我有一个有7列的文件,一个有染色体区域的GFF文件,我想把REGION=“exon”所在的行折叠成一行文件。文件行必须在区域相互重叠的基础上折叠。你知道吗
REGION START END SCORE STRAND FRAME ATTRIBUTE
exon 26453 26644 . + . Transcript "XM_092971"; Name "XM_092971"
exon 26842 27020 . + . Transcript "XM_092971"; Name "XM_092971"
exon 30355 30899 . - . Transcript "XM_104663"; Name "XM_104663"
GS_TRAN 30355 34083 . - . GS_TRAN "Hs22_30444_28_1_1"; Name "Hs22_30444_28_1_1"
snp 30847 30847 . + . SNP "rs2971719"; Name "rs2971719"
exon 31012 31409 . - . Transcript "XM_104663"; Name "XM_104663"
exon 34013 34083 . - . Transcript "XM_104663"; Name "XM_104663"
exon 40932 41071 . + . Transcript "XM_092971"; Name "XM_092971"

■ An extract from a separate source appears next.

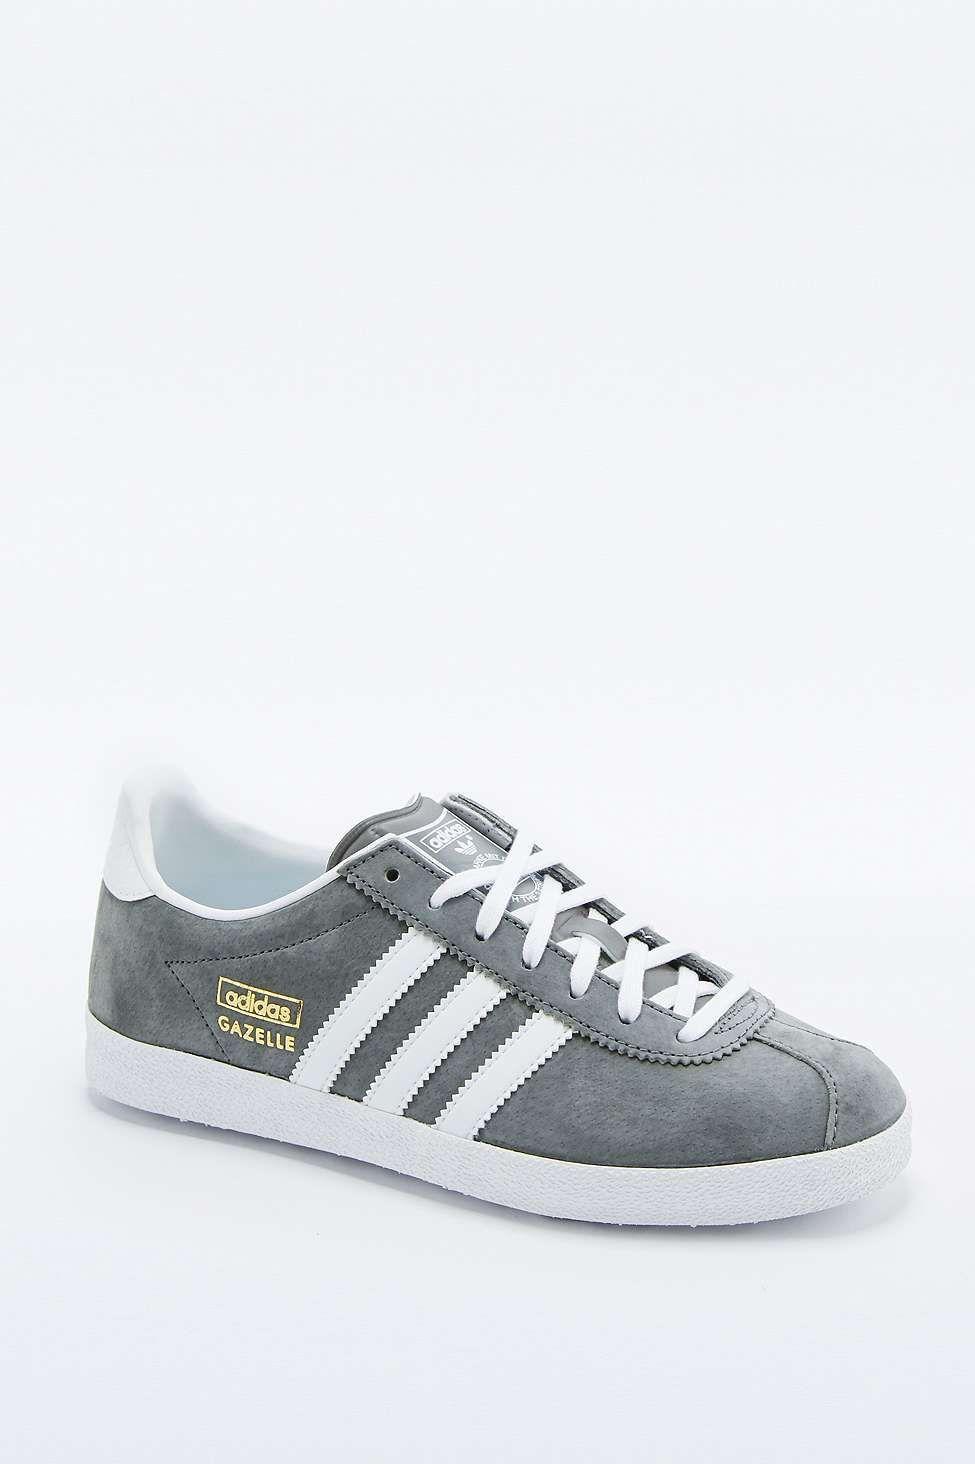 sports shoes dbcbd f55d5 adidas Originals Gazelle Grey Trainers. adidas Originals Gazelle Grey  Trainers Gazelle Gris ...

snp 44269 44269 . + . SNP "rs2873227"; Name "rs2873227"
snp 45723 45723 . + . SNP "rs2227095"; Name "rs2227095"
exon 134031 134495 . - . Transcript "XM_086913"; Name "XM_086913"
exon 134034 134457 . - . Transcript "XM_086914"; Name "XM_086914"
查看上面的示例数据,只有最后两行可以合并为一行排。所以呢,新行将变为。你知道吗
exon 134031 134495 . - . Transcript "XM_086913"; Name "XM_086913"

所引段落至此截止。